== What needs to be done ==
When you reproduce these records, keep every word exactly and drop the images.

== Information shown ==

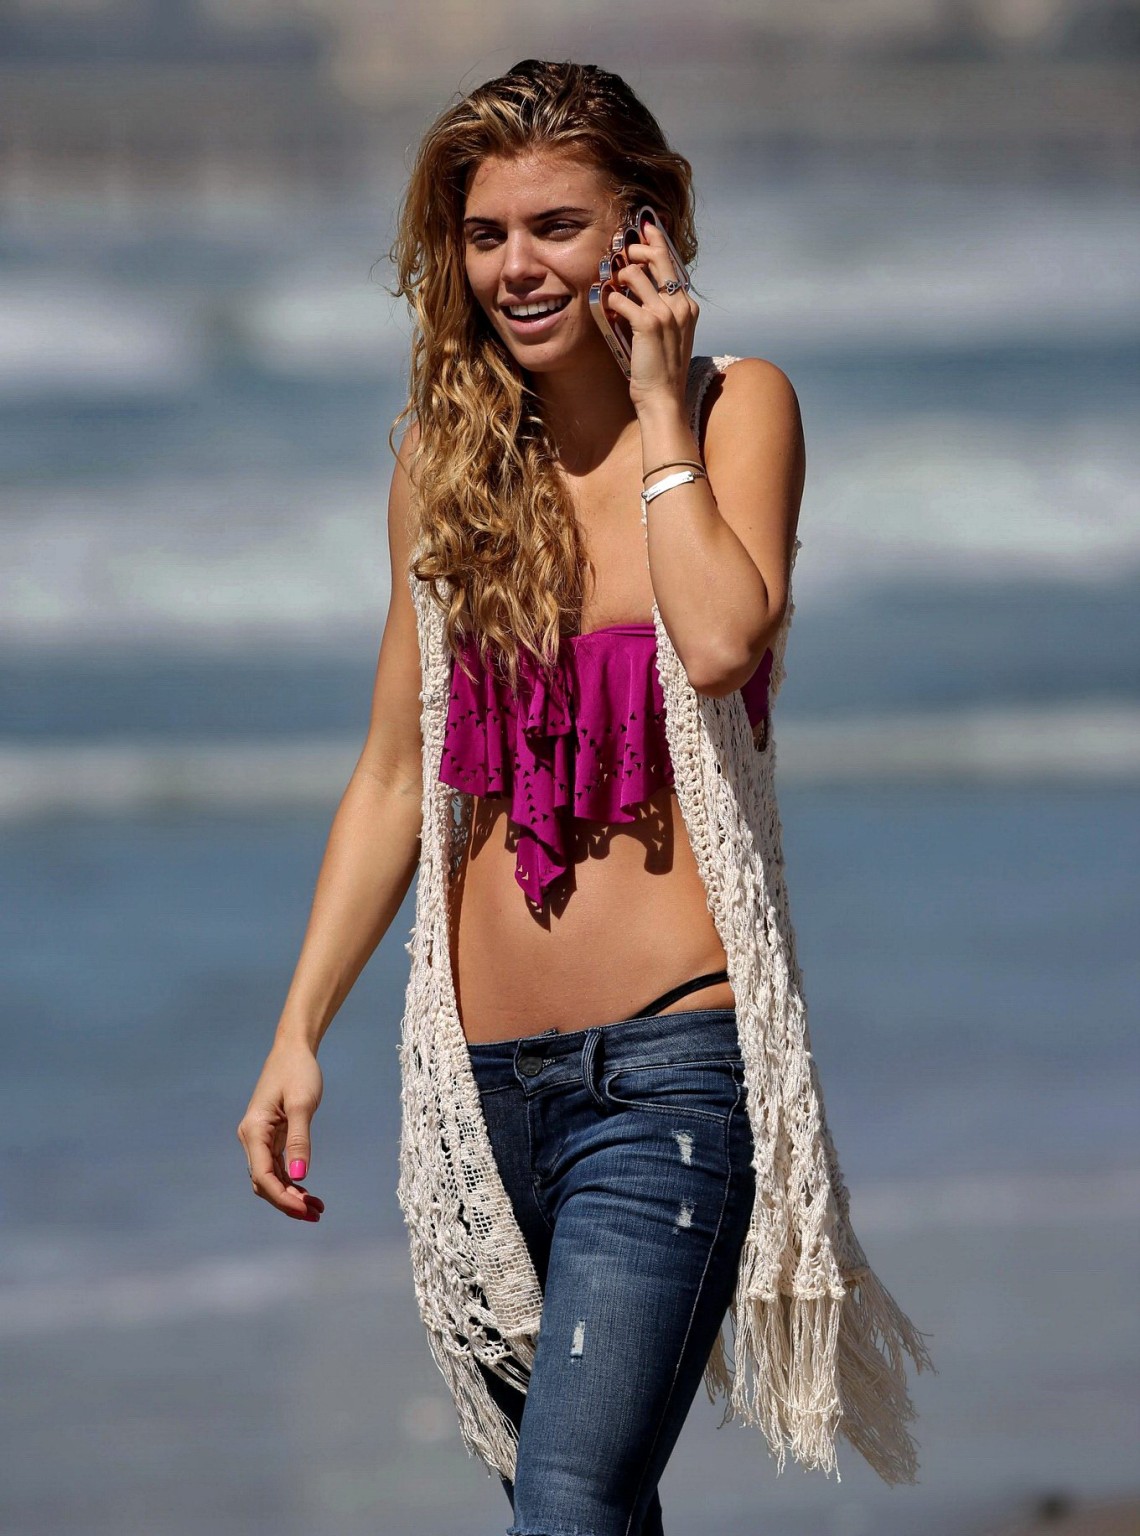 チューブトップのジーンズを着たAnnalynne MccordがLAのビーチで撮影
 #75202270
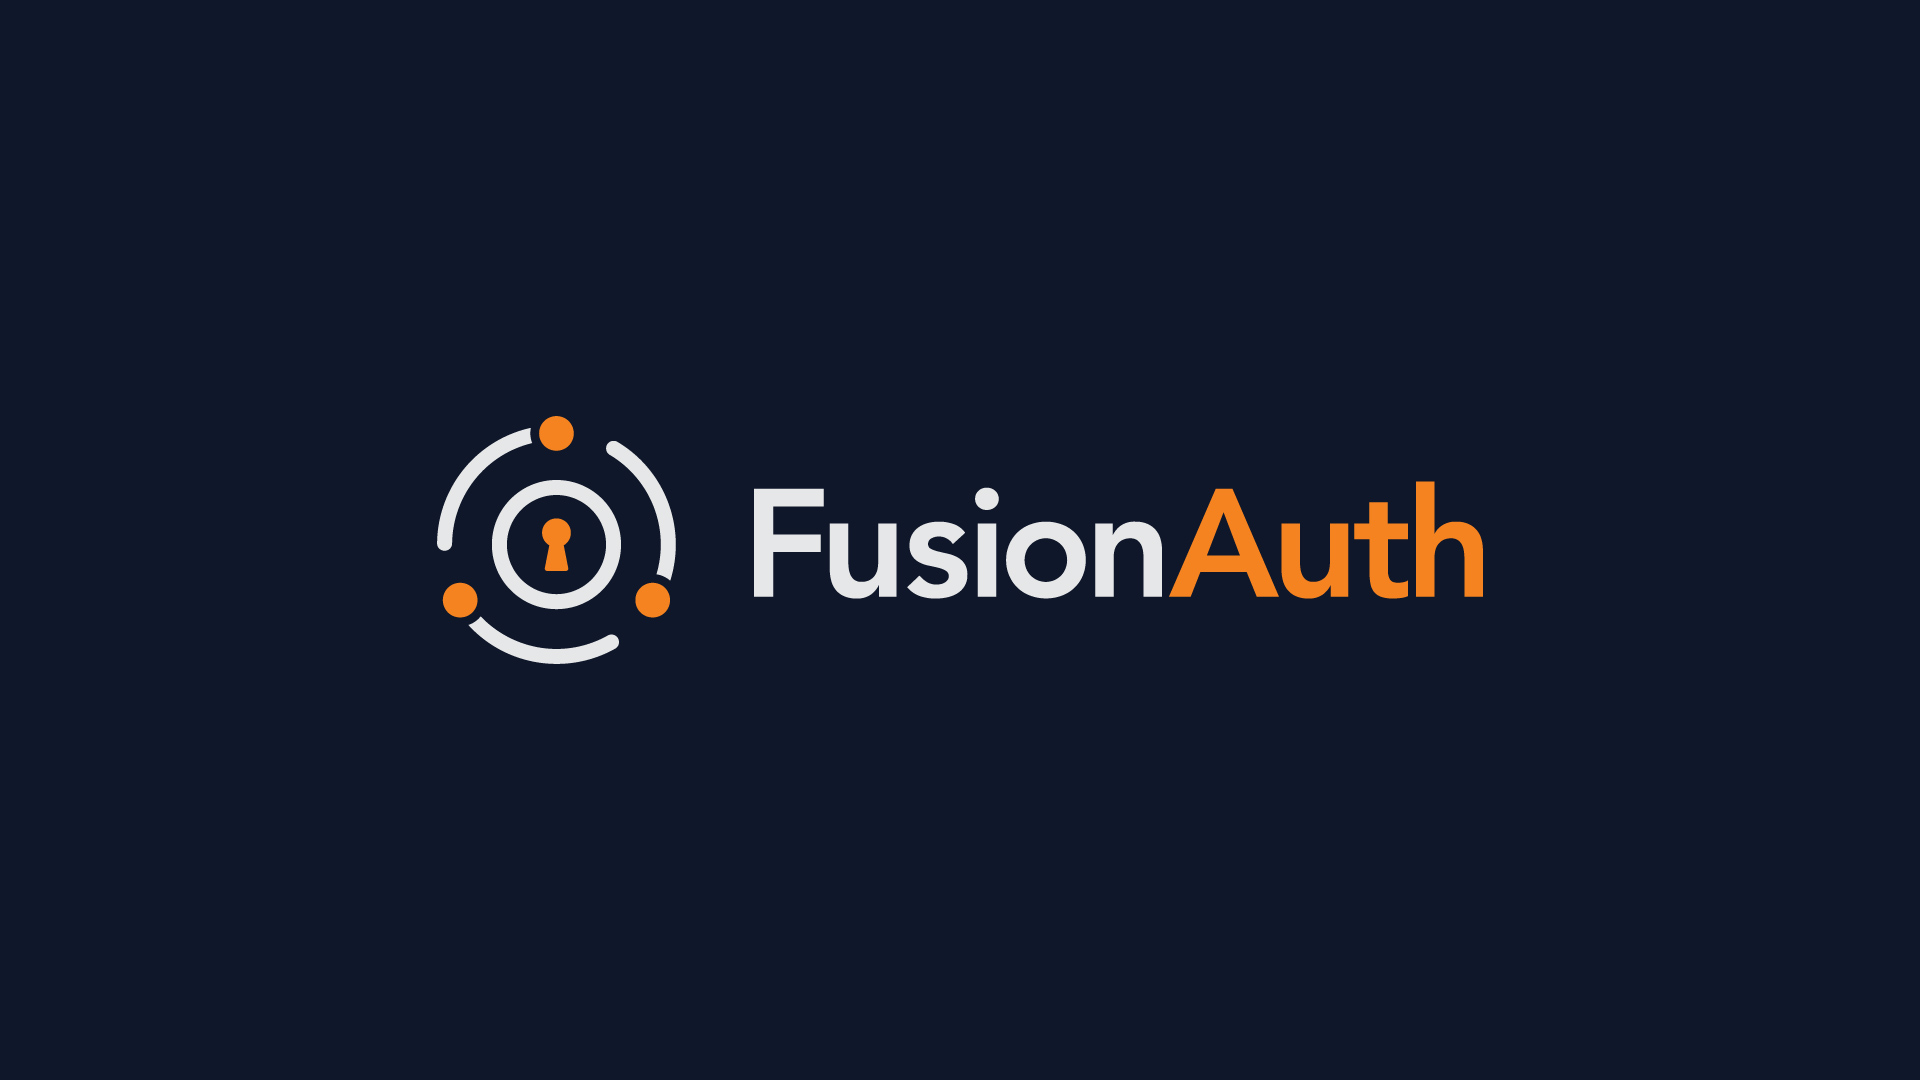 認証スタートアップのFusionAuth、初の外部ラウンドで6,500万ドルを調達
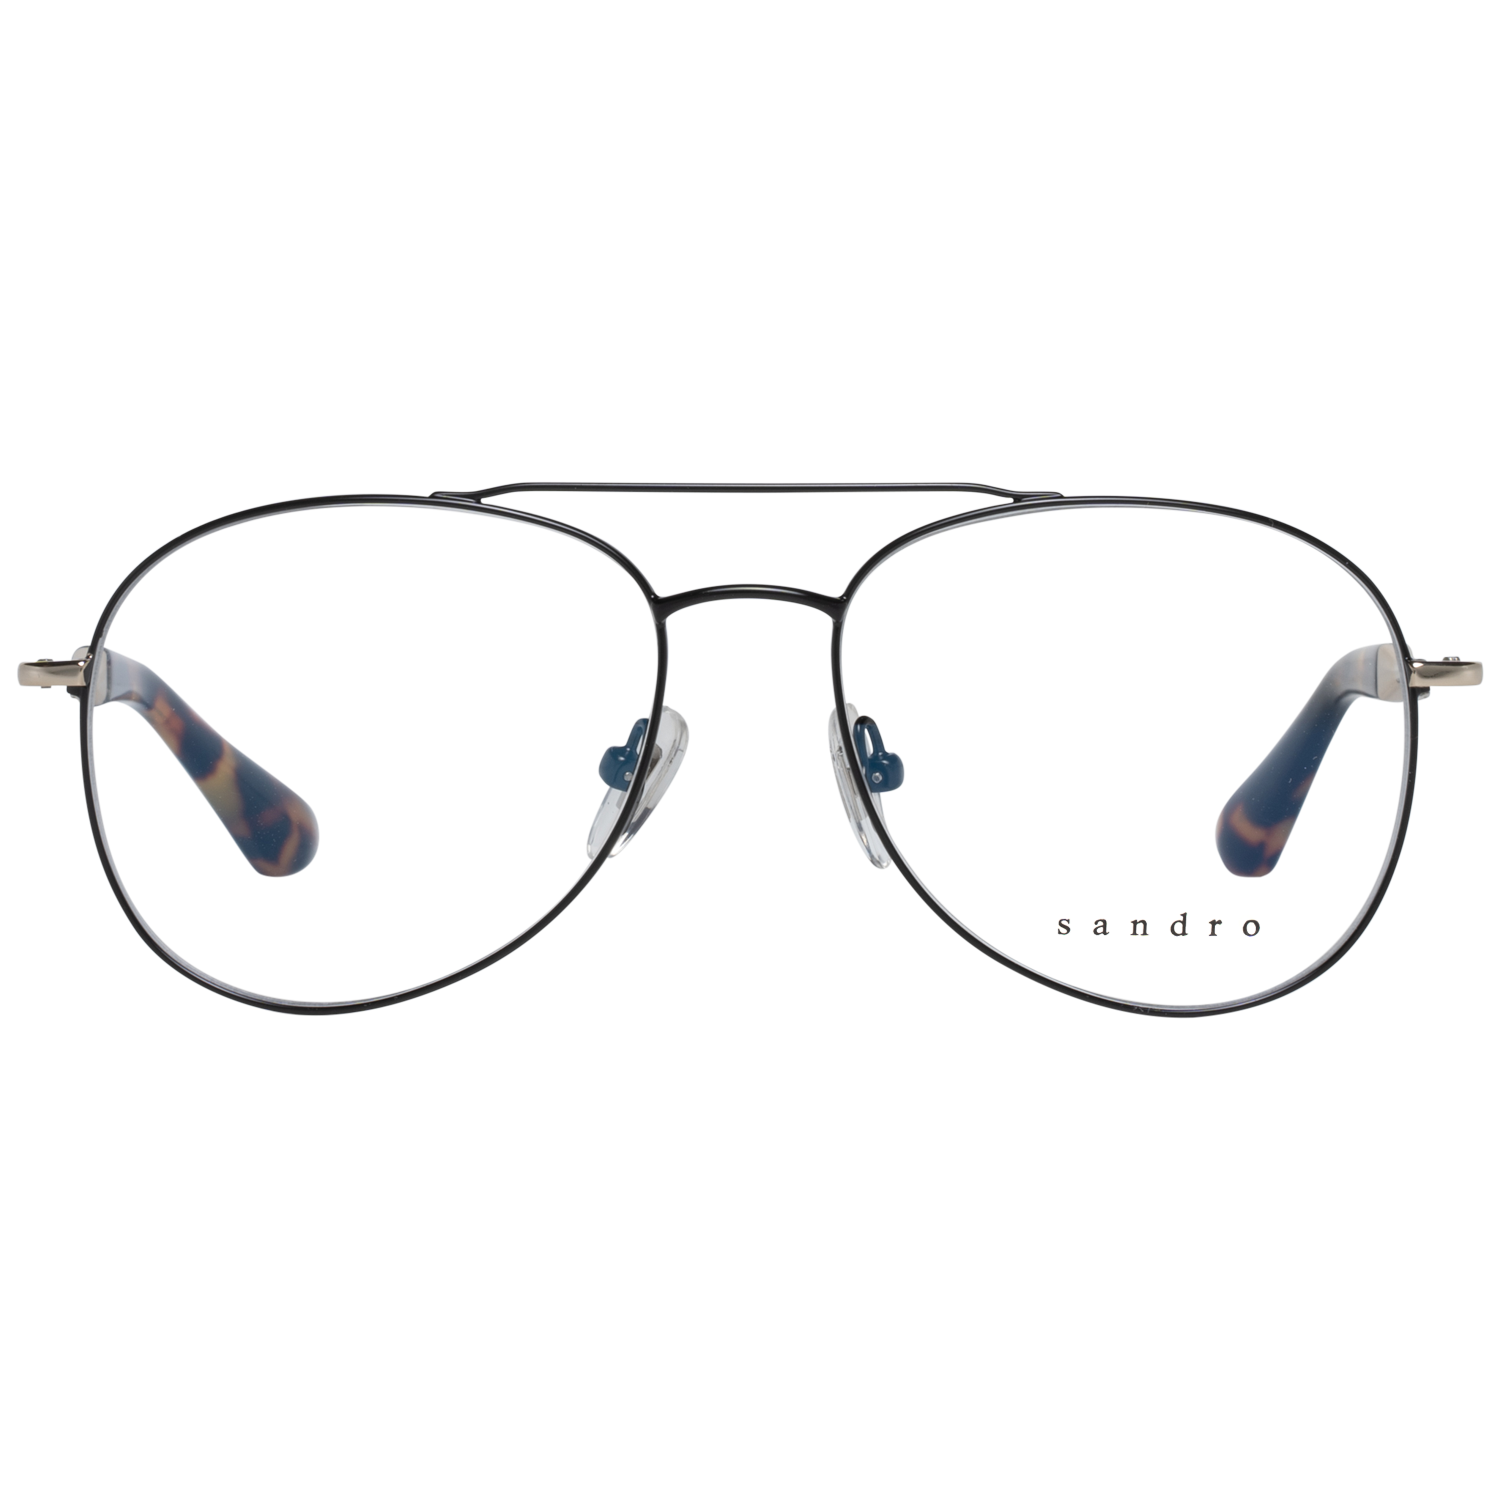 Sandro Frames Sandro Optical Frame SD4003 109 51 Eyeglasses Eyewear UK USA Australia 
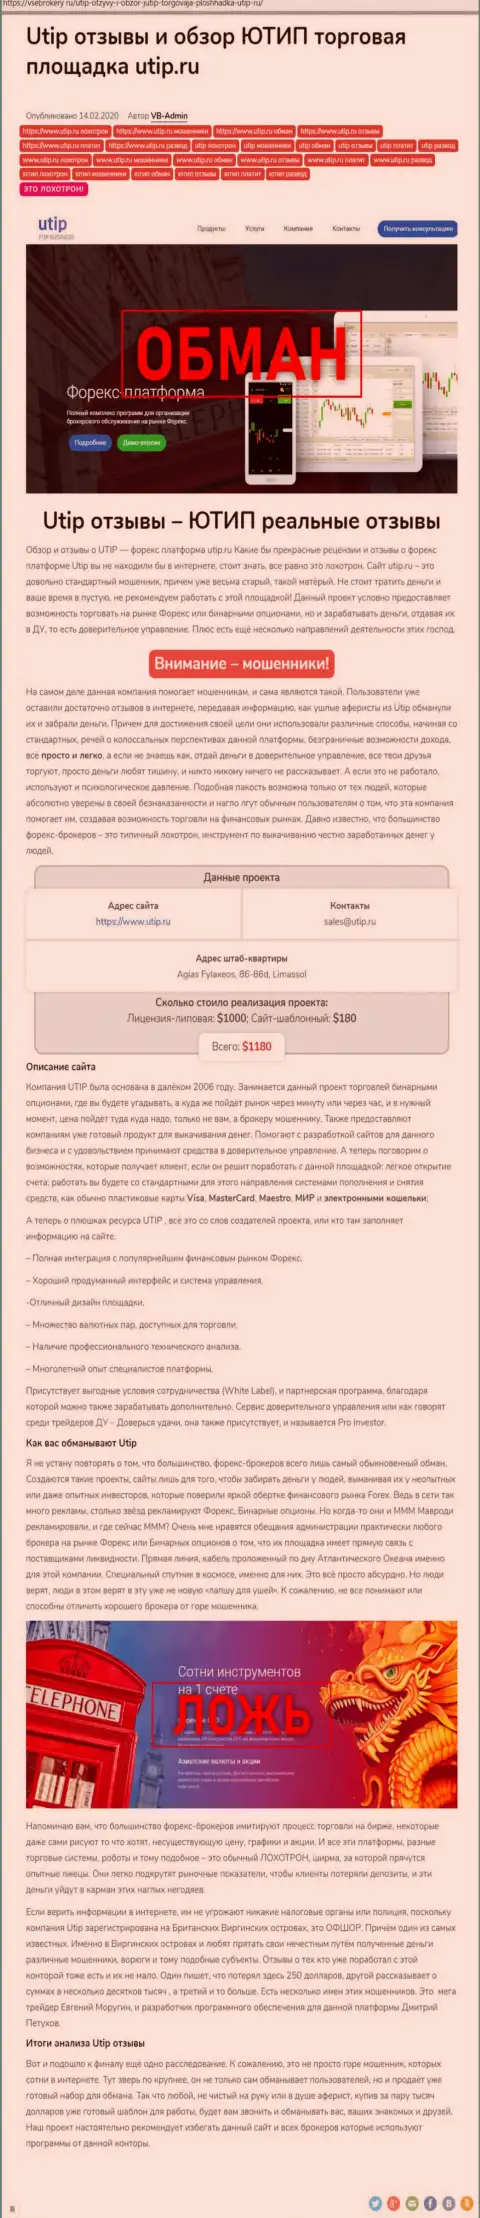 Обзор scam-компании UTIP Technologies Ltd - это МОШЕННИКИ !!!

== Task result ==
 チューブトップのジーンズを着たAnnalynne MccordがLAのビーチで撮影
 #75202270
 認証スタートアップのFusionAuth、初の外部ラウンドで6,500万ドルを調達
 Sandro Frames Sandro Optical Frame SD4003 109 51 Eyeglasses Eyewear UK USA Australia 
 Обзор scam-компании UTIP Technologies Ltd - это МОШЕННИКИ !!!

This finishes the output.